In the current limiting element having the above composition, by incorporating Fe, Cu, Ni, Co and Sn, it becomes possible to enhance the sinterability of the current limiting element. The sinterability can be improved by adding at least one of these metals in an amount of 20% by weight or less. That is, if the added amount of these metals exceeds 20% by weight, the PTC ratio will be reduced. The most preferable metal addition range is 2 to 15% by weight. Among the above metals, Sn is particularly effective because it can improve the PTC characteristics in addition to the above-mentioned improvement in sinterability. Sn is stable as a metal in the sintering temperature of 1400 to 1600 ° C. and in a sintering atmosphere, and intervenes as a liquid phase between particles of the metal oxide represented by the above formula, and can exert an effect of promoting sintering. In addition, in the sintered body after sintering, the Sn precipitate phase reduces the specific resistance in the low resistance region in the PTC characteristic,
It also has the effect of expanding the current capacity. Further, the current limiting element containing Sn has a feature that the transition temperature variable showing the PTC characteristic is small.

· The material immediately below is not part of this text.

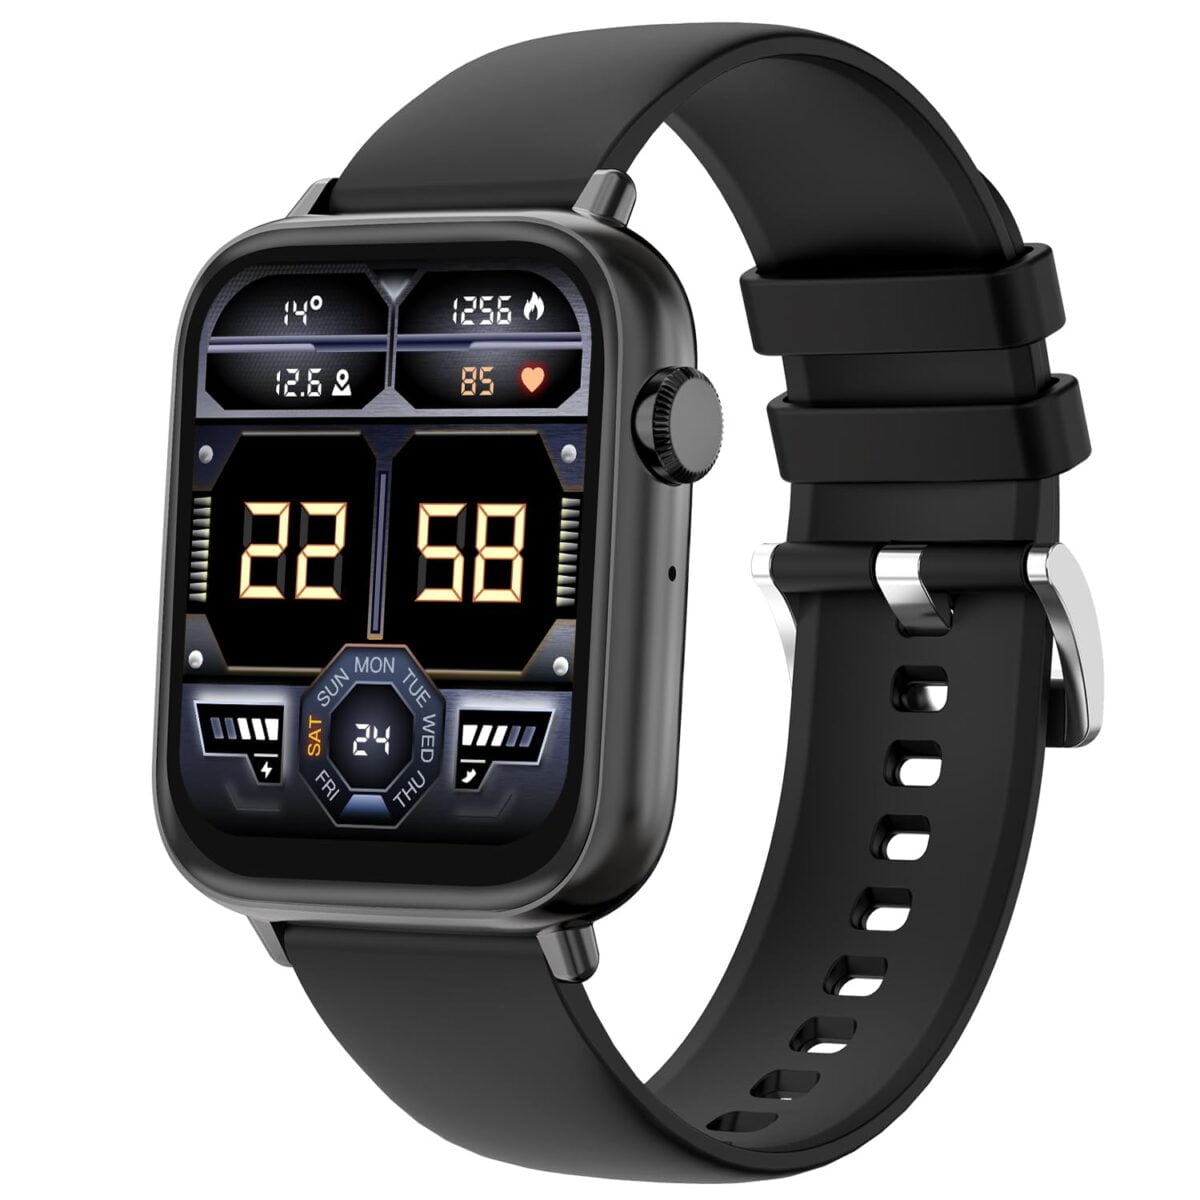 Fire-boltt newly launched ninja fit pro smartwatch

また、上記組成の限流素子において、Fe、Cu、Ni、Co、
Snとは別にW又はMoを添加することにより焼結体の結晶
粒を小さくでき、過電流で急激に加熱された場合におい
ても充分な耐熱衝撃性を発揮できる。
In the current limiting element having the above composition, Fe, Cu, Ni, Co,
By adding W or Mo separately from Sn, the crystal grains of the sintered body can be made small, and sufficient thermal shock resistance can be exhibited even when rapidly heated by an overcurrent.

以下、本発明の半導体素子の保護回路を第1図を参照し
て詳細に説明する。
Hereinafter, a protection circuit for a semiconductor device of the present invention will be described in detail with reference to FIG.

図中の1は負荷、2は該負荷1をオン・オフするための
例えばサイリスタを有する半導体スイッチ、3は前記式
の組成からなる限流素子、4はブレーカであり、前記限
流素子3及びブレーカ4は夫々前記半導体スイッチ2を
直列に接続されている。
In the figure, 1 is a load, 2 is a semiconductor switch having, for example, a thyristor for turning on / off the load 1, 3 is a current limiting element having the composition of the above formula, 4 is a breaker, and the current limiting element 3 and The breakers 4 are connected in series with the semiconductor switches 2, respectively.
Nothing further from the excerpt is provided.